Title: Genetic Stability of In Vitro Conserved Germplasm of Humulus Lupulus L.

item Reed, Barbara

Submitted to: Agricultural Food and Science
Publication Type: Peer Reviewed Journal
Publication Acceptance Date: 9/14/2009
Publication Date: 9/14/2009
Citation: Peredo, E.L., Arroyo-Garcia, R., Reed, B.M., Revilla, M. 2009. Genetic Stability of In Vitro Conserved Germplasm of Humulus Lupulus L.. Experiment Station Bulletins. 18(2):144-151(8).

Interpretive Summary: The genetic resources of hops are preserved as field plants and backed up for safety as tissue cultures in cold storage, or as cryopreserved shoot tips. This study was to determine if genetic changes occur with these procedures. Three hops cultivars were analyzed for genetic change after tissue culture, cold (45 °F) storage, and cryopreservation in liquid nitrogen (-320 °F).

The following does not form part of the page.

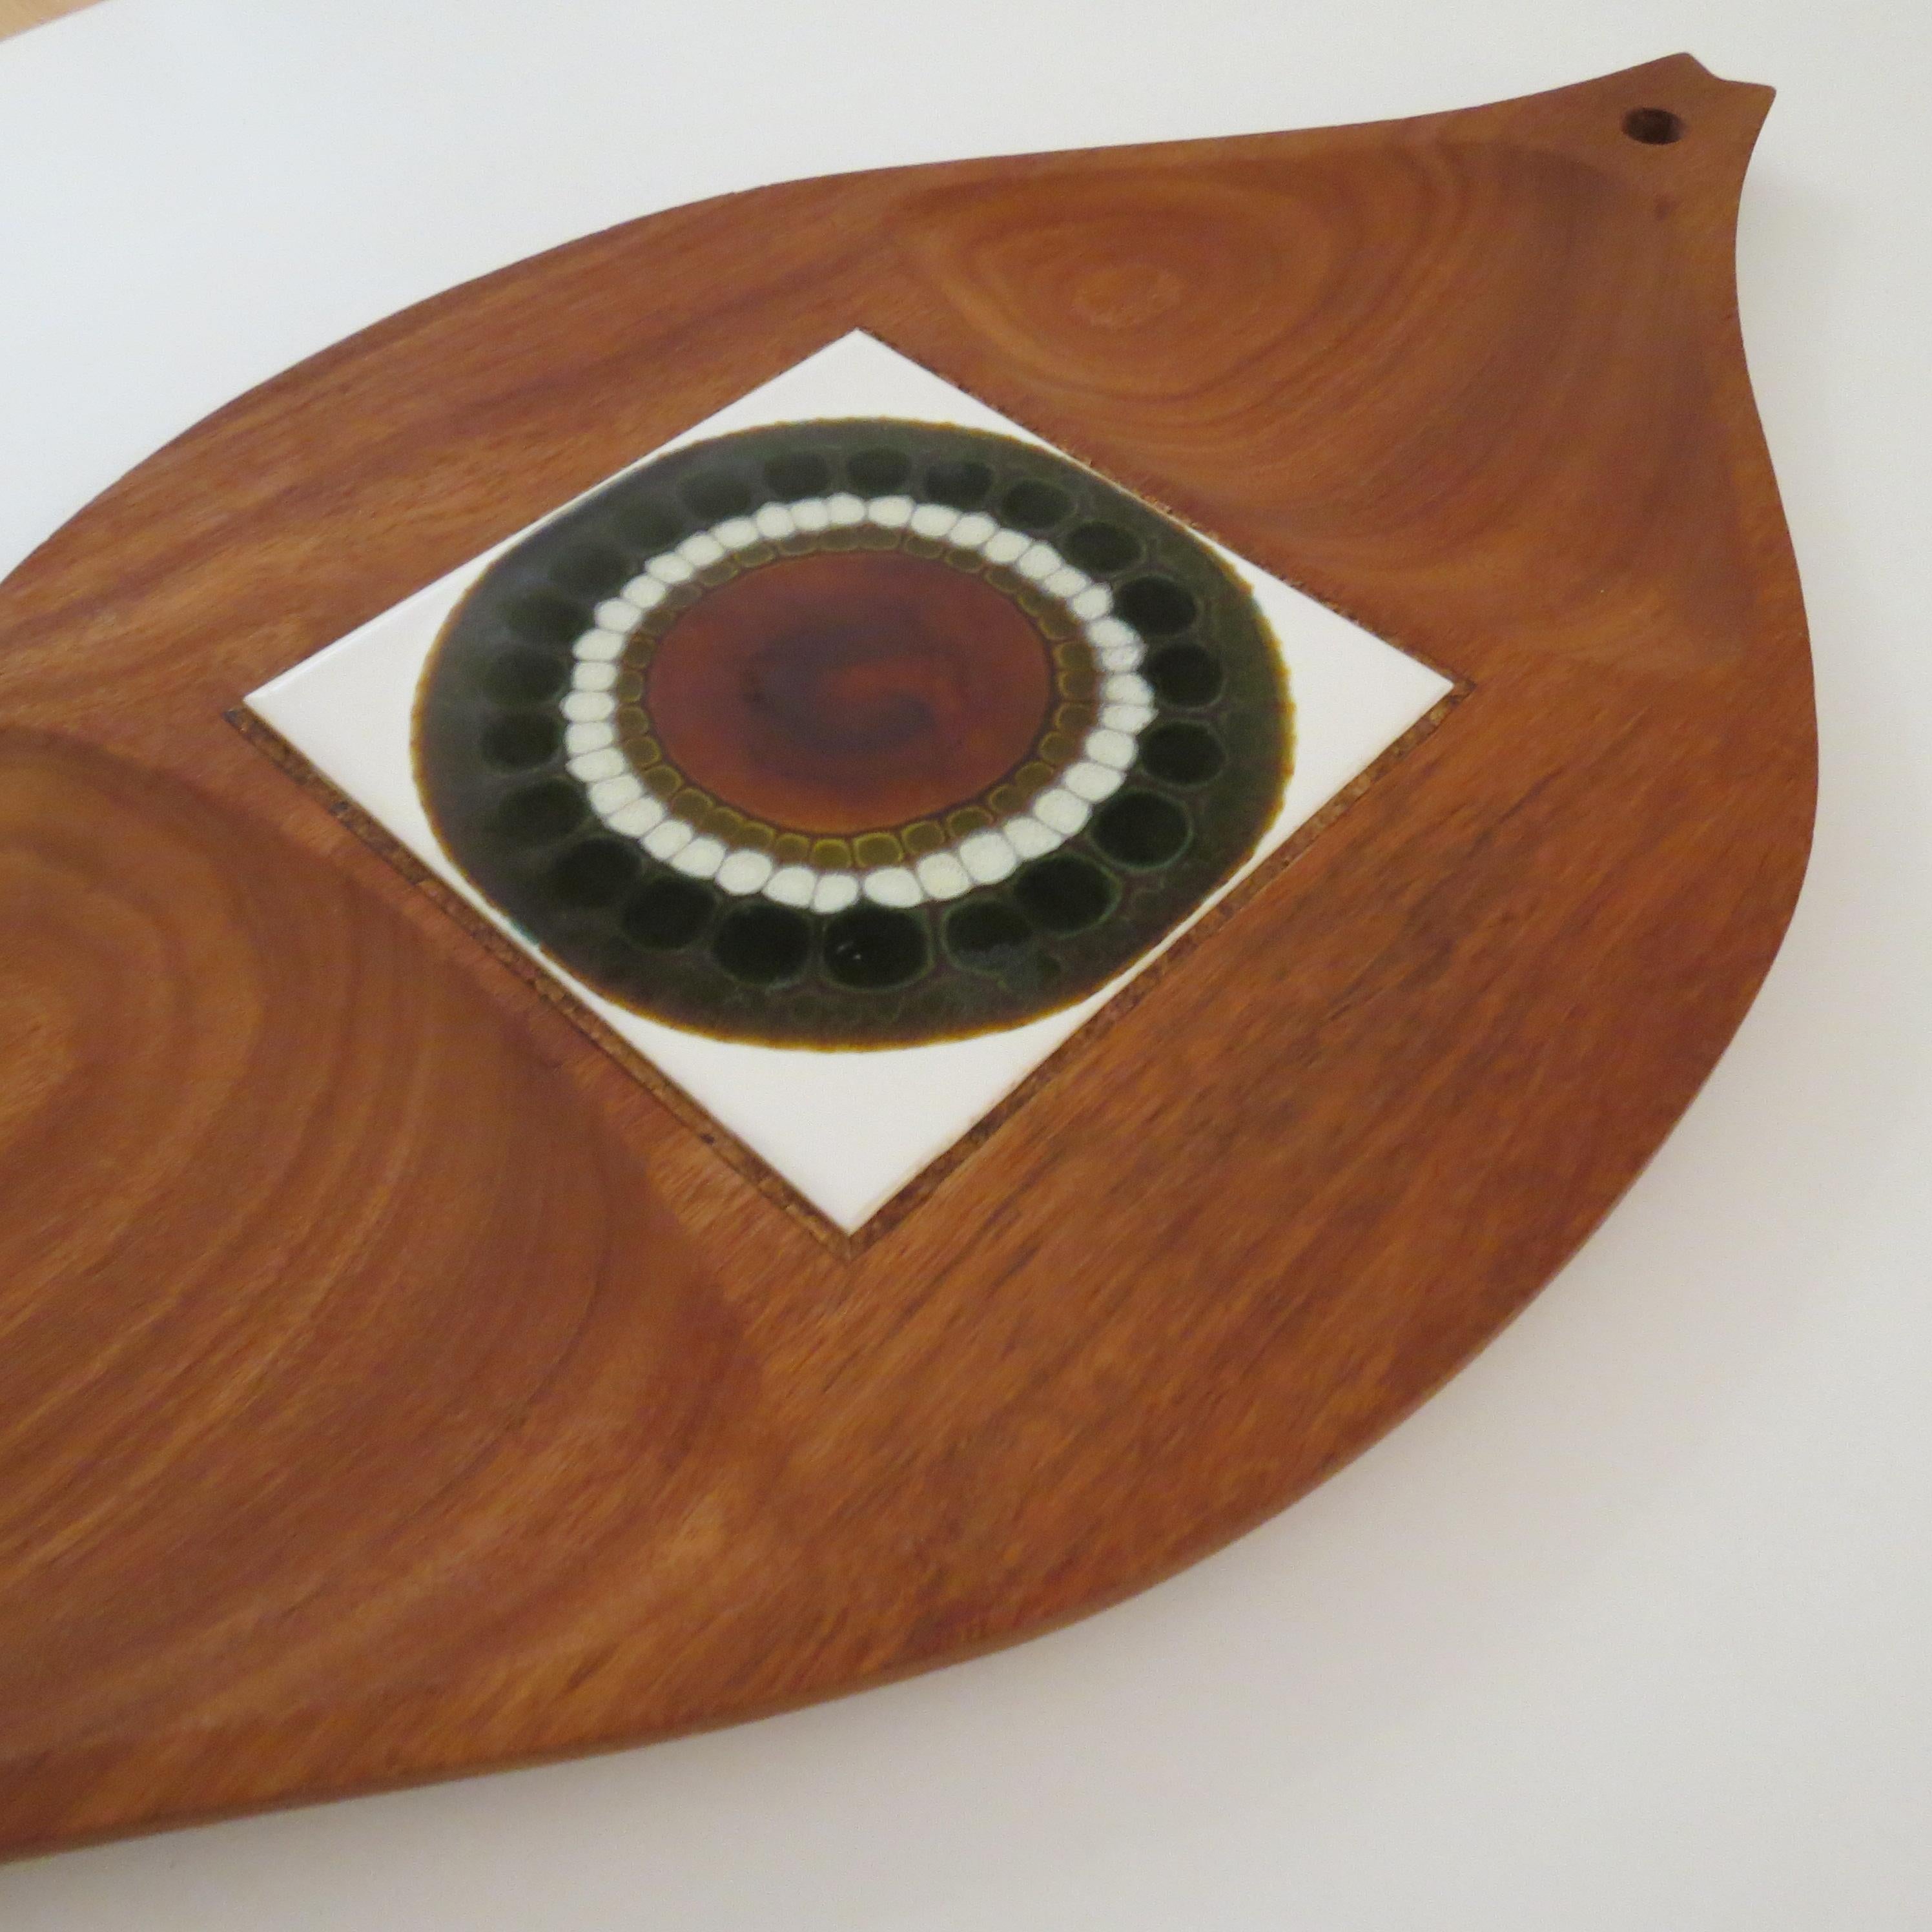 English Midcentury Teak Tray With Tile Insert By Allan Wallwork 1970 For Sale

No genetic changes were noted but there were changes in gene expression. Most of this variation could be related to the cold storage or cryopreservation protocols. The pattern of change could be explained by temporary changes related to the cold acclimation step present in both treatments. Cold acclimation is a complex process, achieved by short day length and low temperatures, which results in the reprogramming of metabolism and gene expression. The amount of variation detected is similar for cold-stored (2.6 to 8.6%) or cryopreserved (2.6 to 9.8%) hops. Similar changes were reported in cryopreserved apple and strawberries and citrus callus under slow growth conditions. Cold acclimation was not used prior to the storage protocols for any of these studies.

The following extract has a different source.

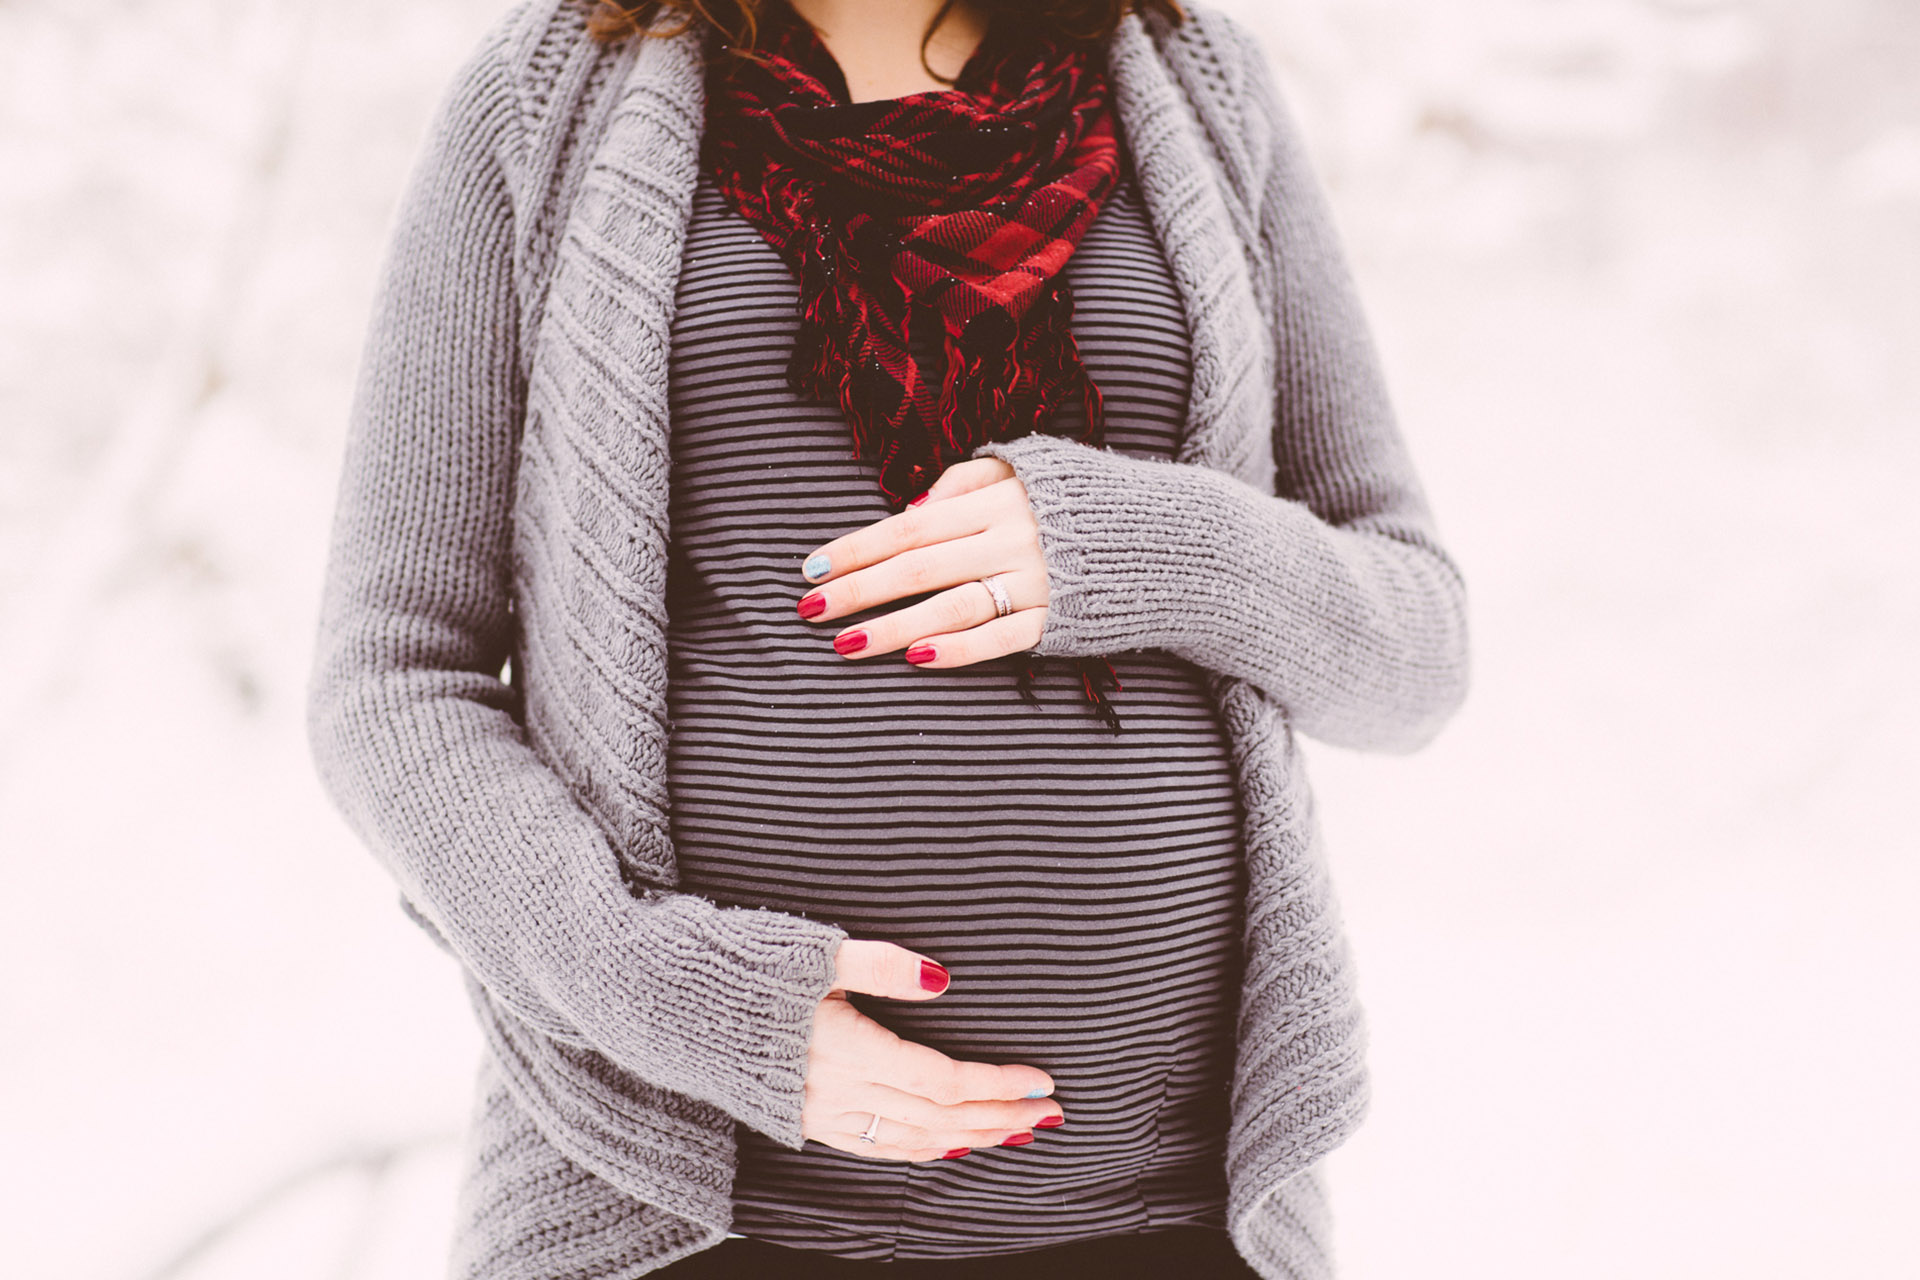 Angela Clunk Maternity Photos During Pregnancy - too much awesomeness photography - image 43.jpg

Technical Abstract: The genetic and epigenetic stability of hop accessions after being cryopreserved for one year or cold stored for three years were evaluated using several molecular markers (RAPDs, AFLPs and MSAPs) and clear, repetitive and specific patterns were obtained among accessions and between control and treated samples. Although no genetic changes were detected with RAPDs and AFLPs markers between control potted plants grown in a screened house and in vitro plants regenerated from slow-cooling cryopreserved shoot tips or cold stored in vitro shoots, MSAP analysis detected methylation changes in a 36% of the loci. Nevertheless, only 2.6 to 9.8 of the detected changes could be ascribed to the conservation procedure and most of them seemed to be generated during the in vitro culture. Due to the amount of accessions (51) analysed we can assume that hop genotypes have similar behaviour when cryopreserved or cold stored, so both protocols are suitable of being used as standard storage methods, but it is important to take into account the epigenetic changes produced during the process.